Work to complete: The answer is the line containing "Cervello umano meccanico" plus every line after it to the end of the material, retyped exactly and without the pictures.

Given data:
******

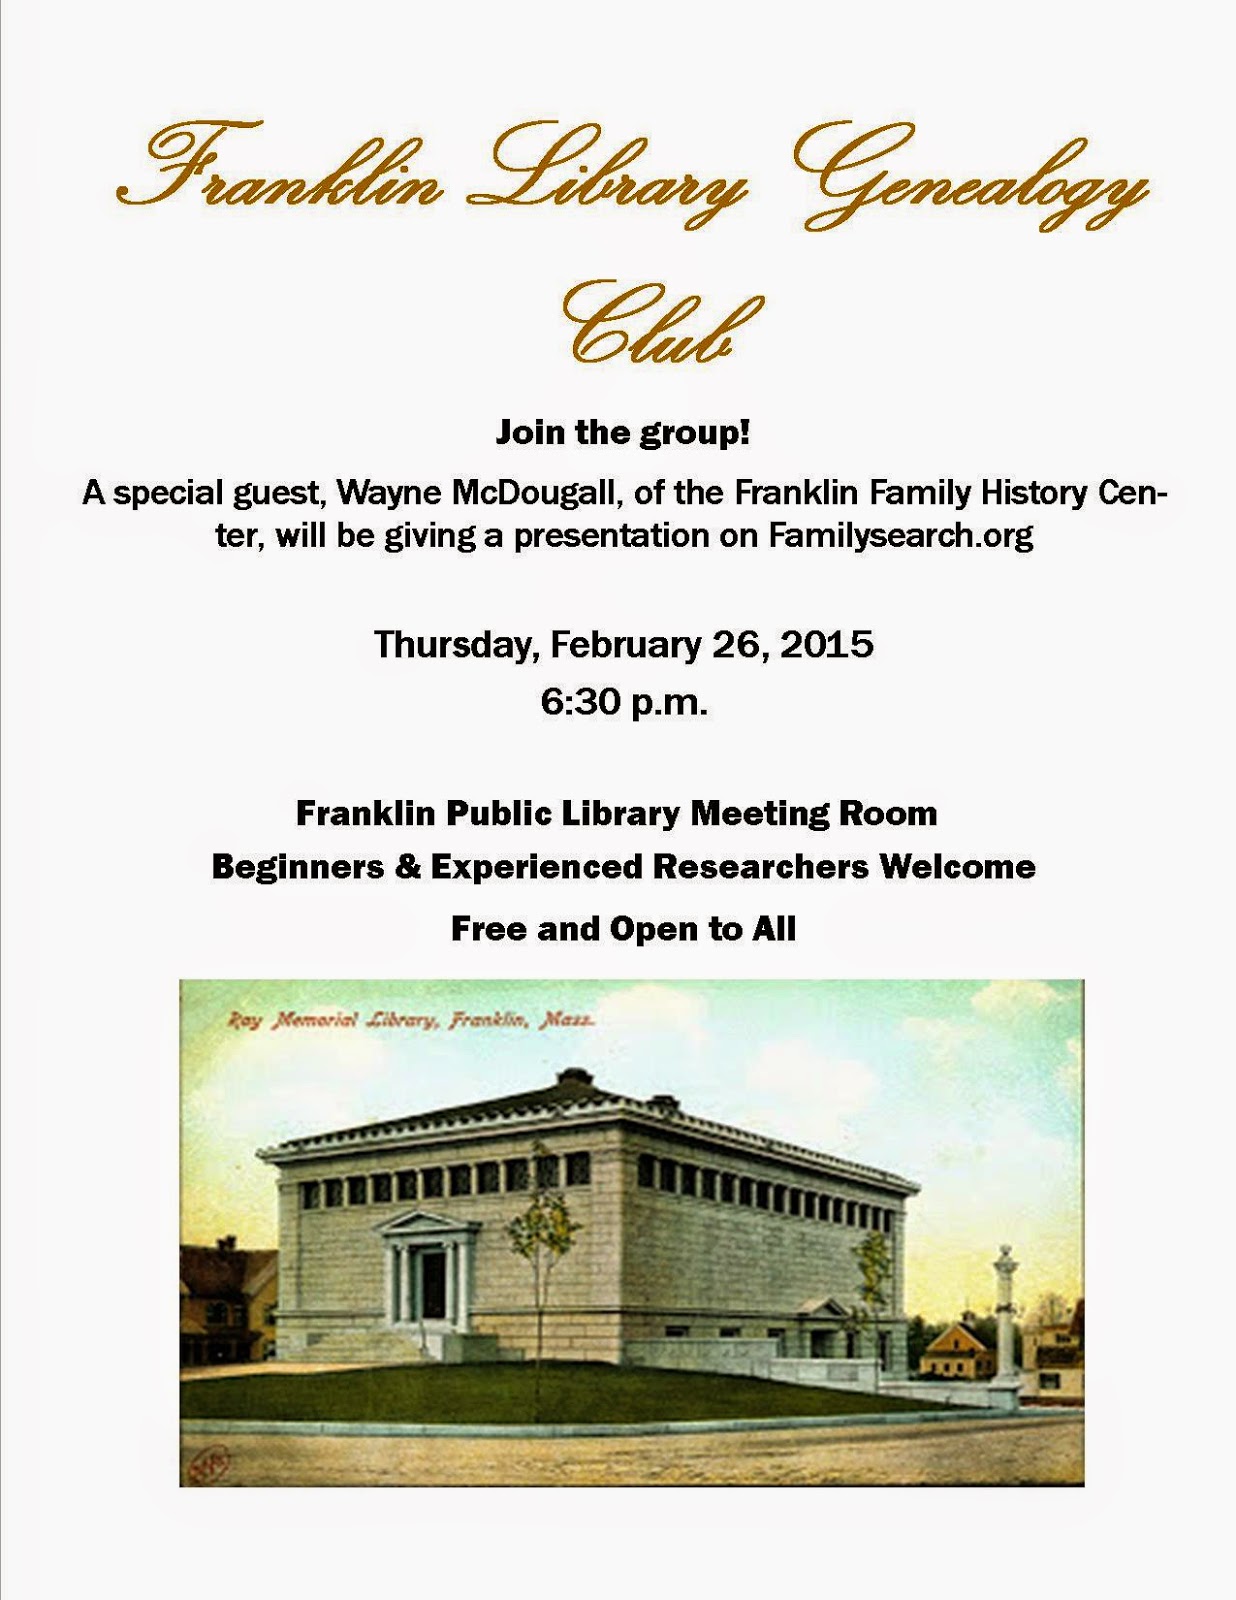 Geneology Club meeting Thursday, Feb 26th
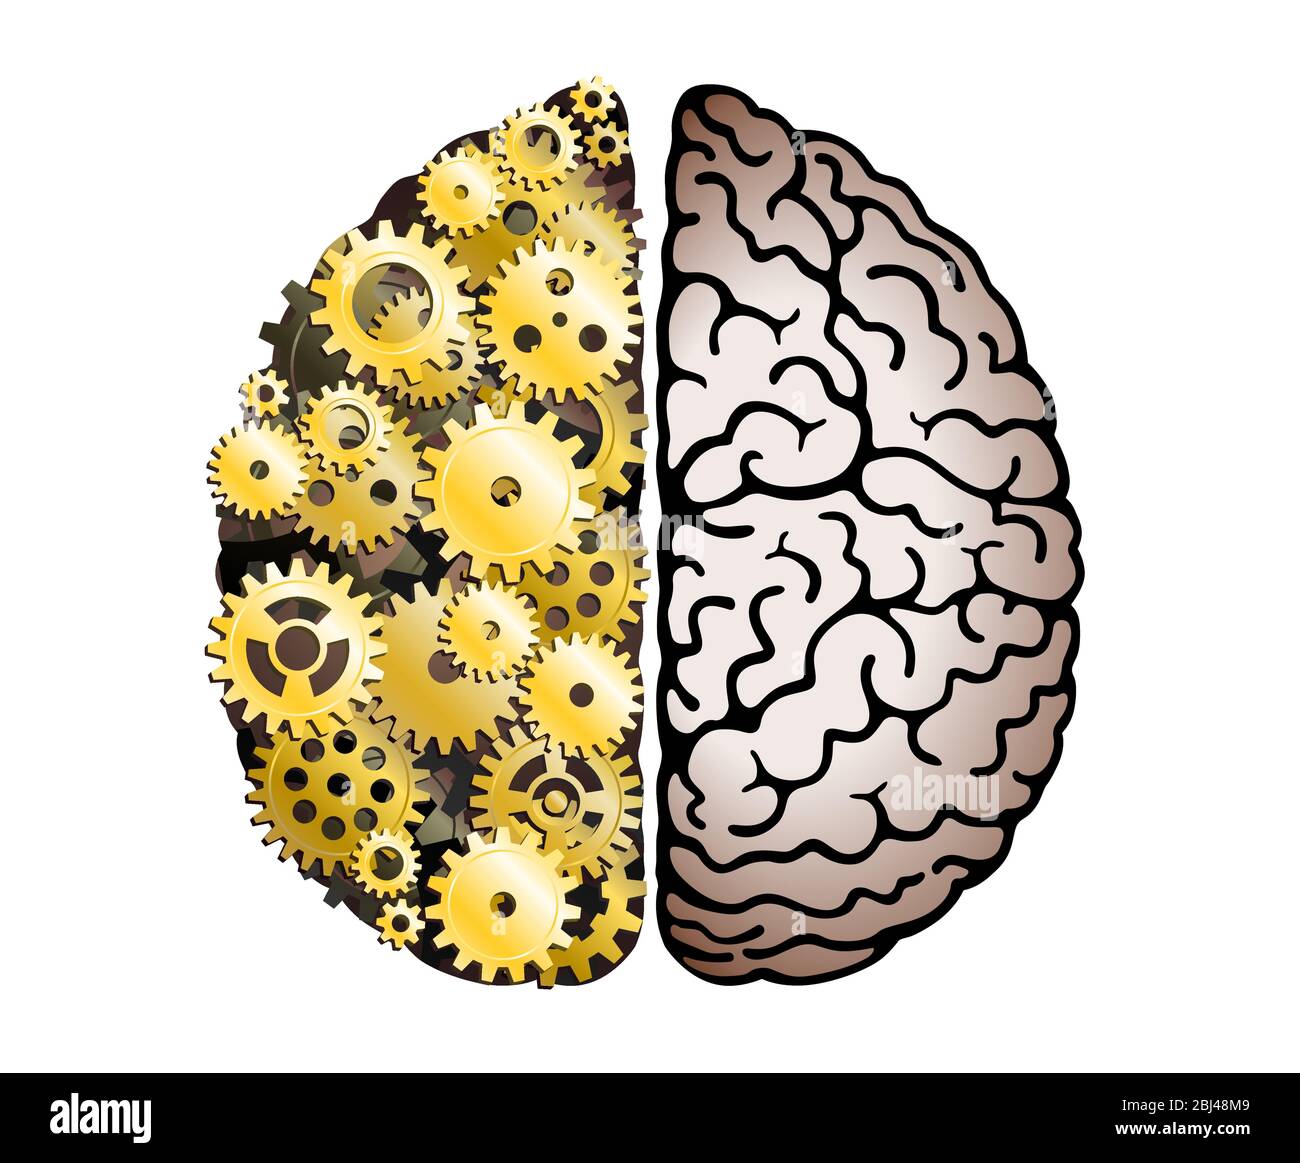 Cervello umano meccanico vettoriale su sfondo bianco. Emisferi cerebrali, convoluzioni della mente cervello. Ruota dentata e ingranaggi, duro processo di pensiero Illustrazione Vettoriale
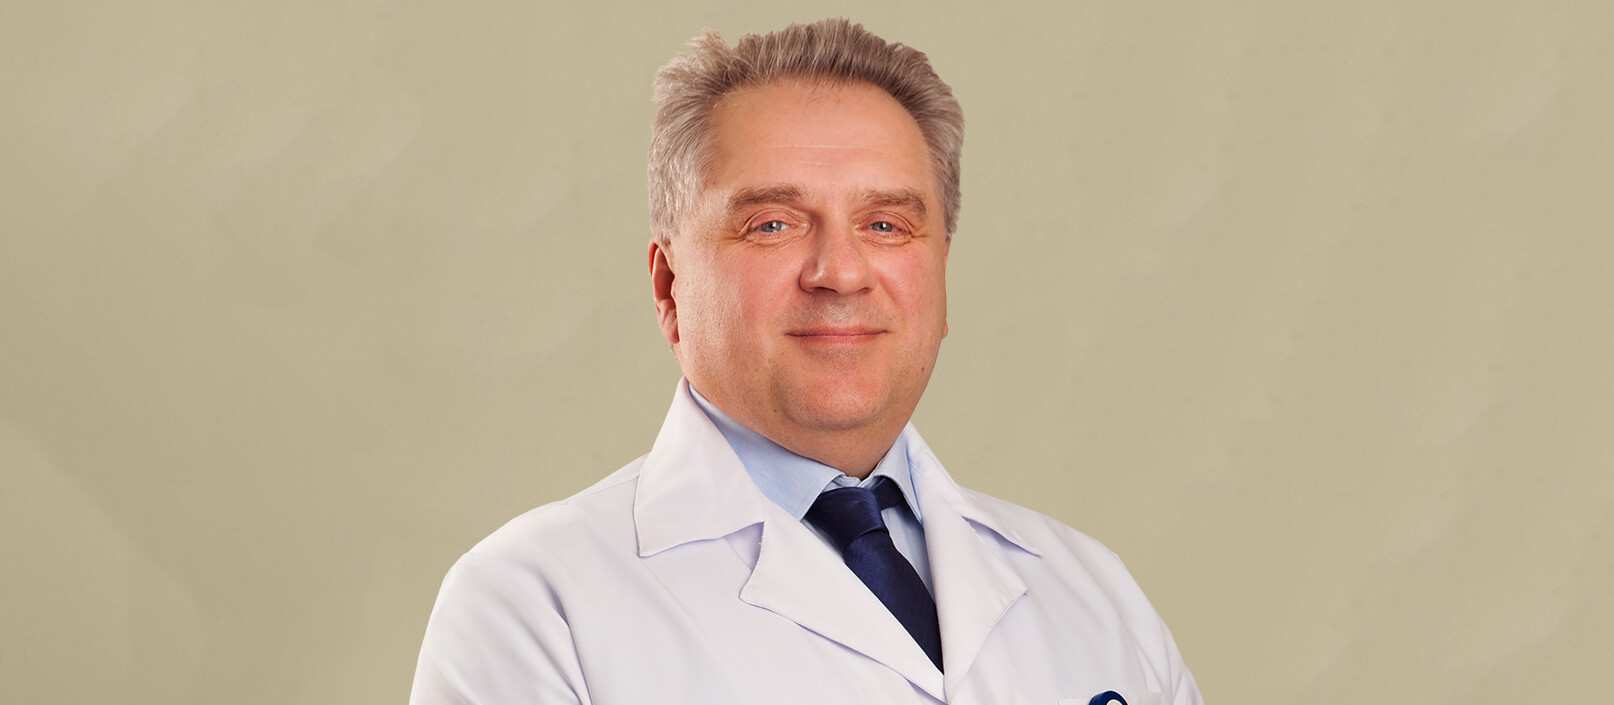 Вадим Хатиашвили MD, PhD

******

Exercise result:
 Cervello umano meccanico vettoriale su sfondo bianco. Emisferi cerebrali, convoluzioni della mente cervello. Ruota dentata e ingranaggi, duro processo di pensiero Illustrazione Vettoriale
 Вадим Хатиашвили MD, PhD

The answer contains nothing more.